Reynolds suggested some innovative turkey recipes this year, like the "Flavor Blasted Turkeys."
Photo courtesy/Reynolds

Turkey eaters have experimented with Thanksgiving recipes for years. 

We slow cook, instant pot, deep fry, oven bake, and microwave (just kidding). 

The tradition of Thanksgiving is predicated on a fabricated historical narrative anyway, so you have permission to experiment with flavors and rubs on your turkey during the holidays.

But this ... this we cannot allow. 

Reynolds decided millennials were being duped out of Thanksgiving by not giving them a turkey that represented who they truly are — like PC culture, complaining at work, not buying real estate, and destroying age-old food traditions forever (including Thanksgiving itself).

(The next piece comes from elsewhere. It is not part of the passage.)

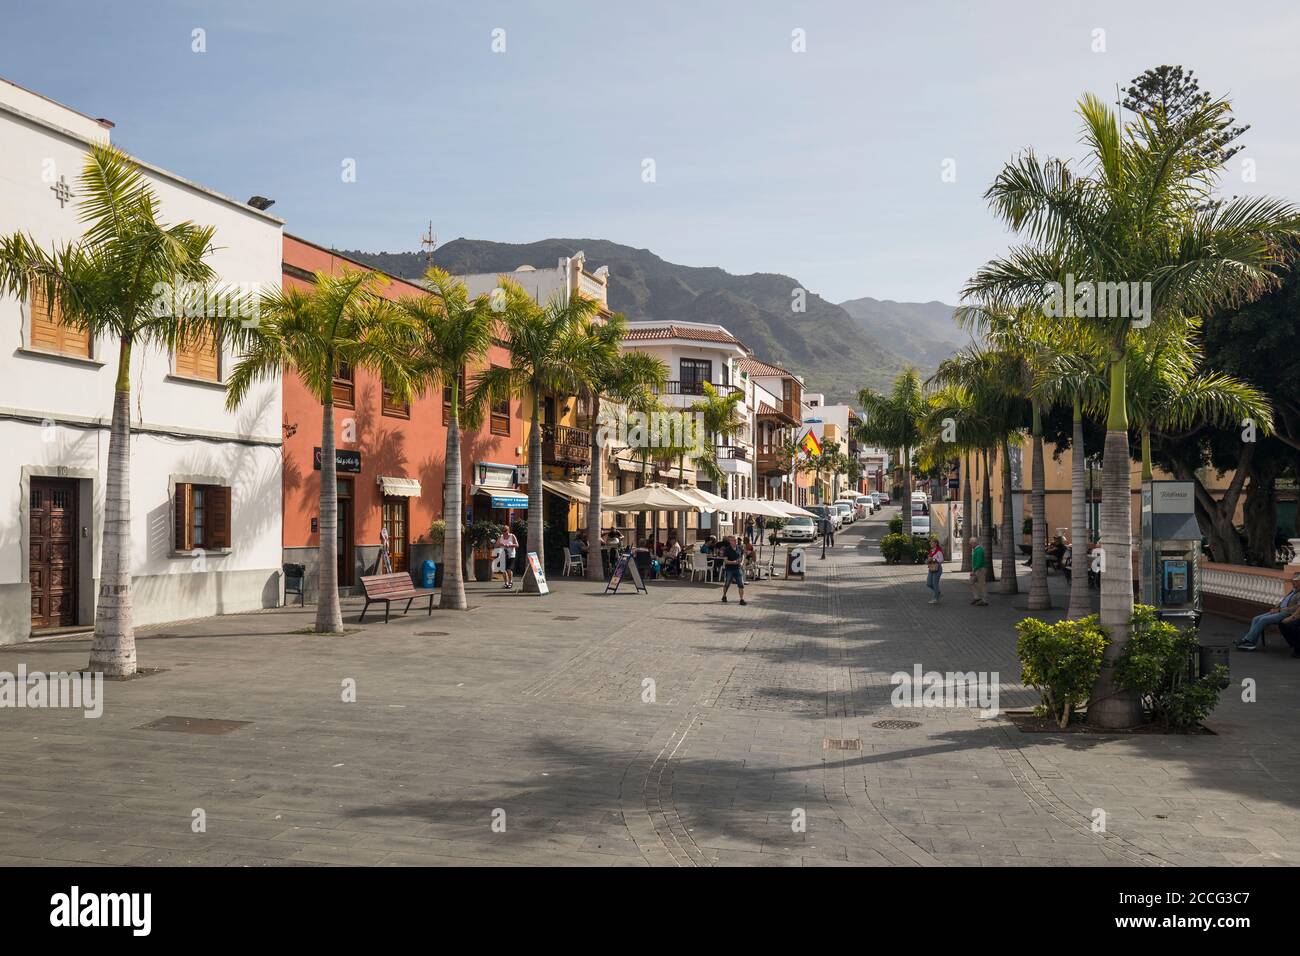 The Plaza de los Remedios, behind the Teno Mountains, Buenavista del Norte, Tenerife, Canary Islands, Spain Stock Photo

So, ahead of this year's holiday the company released a few "creative" and "unique" recipes to "Make your Thanksgiving turkey the coolest on Instagram" that may or may not involve a quick trip to the craft store.

THE FLAVOR-BLASTED

First, Reynolds suggests a "Hot Turkey," which seems harmless in its name. But little did you know this turkey calls for "hot puffed cheese sticks" to be crushed and rolled onto the skin. Oh, and use those leftovers for garnish. 

Next up is "Ranch Flavored," which calls for "ranch-flavored corn chips," (so, Doritos) to be crushed and coated on with butter. 

Prefer an off-brand, underground taste? They suggest the "Onion Flavored," which, yep you guessed it, involves some sort of "onion-flavored ring" chip to be pulverized in a food processor and coated onto the animal carcass. 

THE ACIDIC BRINE

Flavor-blasted sound too salty for your dinner table? Let's move on to the "Mountain Dew Brine." This one asks that you let the turkey sit overnight in Mountain Dew, salt, and water. Healthy!

THE SHINY AND COMPLICATED

My personal favorite. The millennial "Glitter Turkey" is made by adding something called Gum-Tex powder, food coloring, and liquid pearl sheen.

I'll leave the how-to video that walks you through the recipe below, but I'd like to point out a few things about this recipe specifically. 

First, Gum-Tex powder is what makes fondant and gumpaste elastic and strong. Despite its name, it is edible. The recipe instructs you to mix the powder with water and boil, add food coloring, then spread the paste-like substance onto foil and let it harden before you bake for 30 minutes. After that, break the monstrosity up into pieces and put it into a coffee grinder. 

Then can you only sprinkle this onto the turkey.

Oh, but the recipe recommends making 12 to 16 individual batches of this to cover a 16-pound turkey. THEN you can prepare the actual food. 

Whoever says millennials are lazy has never seen this recipe.

In case you're actually considering trying to make a glitter turkey, please, don't do that. 

And one more thing you shouldn't do this Thanksgiving holiday, while you're here: ambrosia salad.